There is every reason to believe that Google’s opinion is that the suburbs are obsolete, and that that opinion will inform their strategy for building out a fiber network. Here’s why Google likely believes the suburbs are obsolete:
- Suburbs rely on car culture, which consumes time; that’s time that people can’t spend on the Internet, making money for Google.
- Suburbs are not energy efficient, requiring lifestyles that generate more CO2 emissions. Google has said it wants to see greater energy efficiency in America.
- Google CEO Eric Schmidt has said he wants to see America close its innovation deficit. There’s nothing innovative about the design of the suburbs. It’s a tired model.
- Schmidt has supported Al Gore politically and in his efforts to combat global warming. Regardless of what you might think of Al Gore or global warming, we have a pretty good idea what Google thinks of the issue.
- Gigabit Fiber in cities could utterly revitalize them. We’ve been looking for ways to fix our cities for the last 50 years. The last renaissance was powered by large-scale economics; a new renaissance can be launched with large-scale communications investment.

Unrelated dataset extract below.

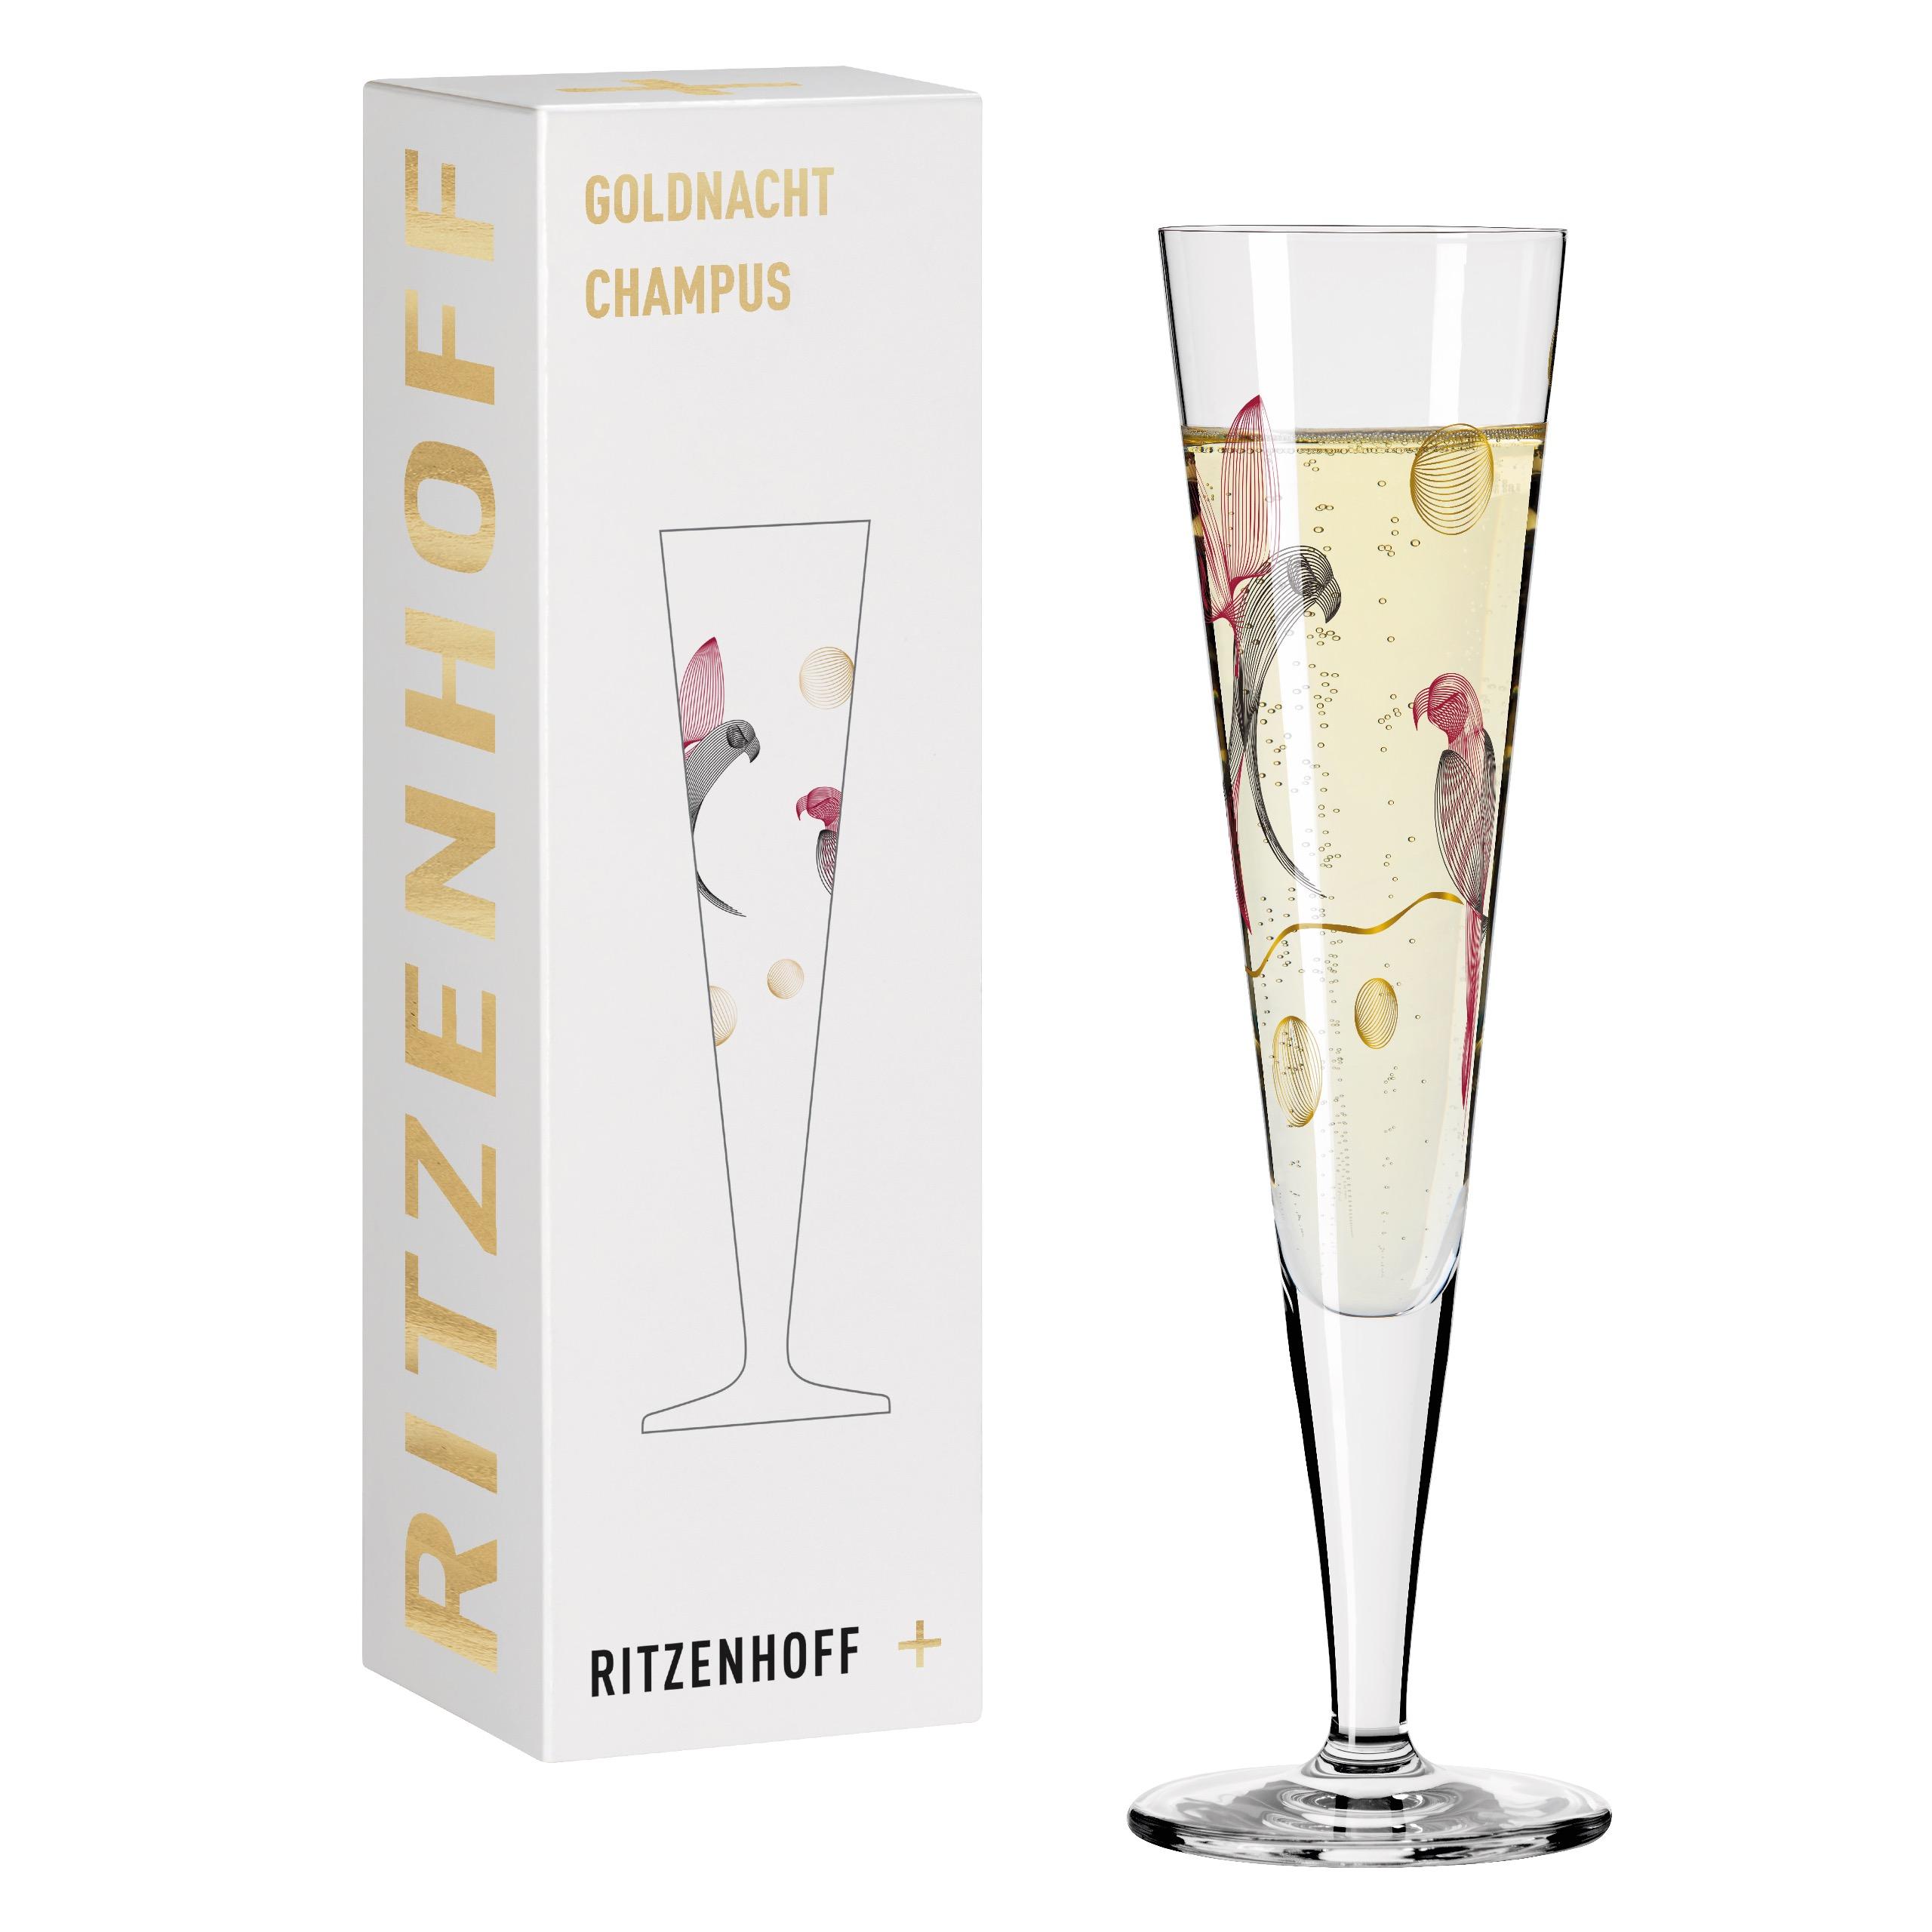 Ritzenhoff Goldnight Champagne Christine Korde

- Google’s employees are young, idealistic, and believe in self-powered transportation. It’s worth pointing out that the Google Fiber project lead, Minnie Ingersoll, is an avid cyclist.
The Suburbs Are Done
I’ve said it before. So have others. But I’m not promoting that they be subject to some kind of post-apocalyptic ghettoization, either, so calm down. No one’s threatening your commute or your backyard barbecue.
But what I am saying is that at some point we need to take a stand about where we’re going to invest in our future. About where we believe we can regain competitive advantage and efficiency.
I believe our only hope to do that is with smart, well-designed urban cores, connected with world-class communications infrastructure and fast, green, and efficient people-powered transportation. And I think Google believes that too. Bet on it.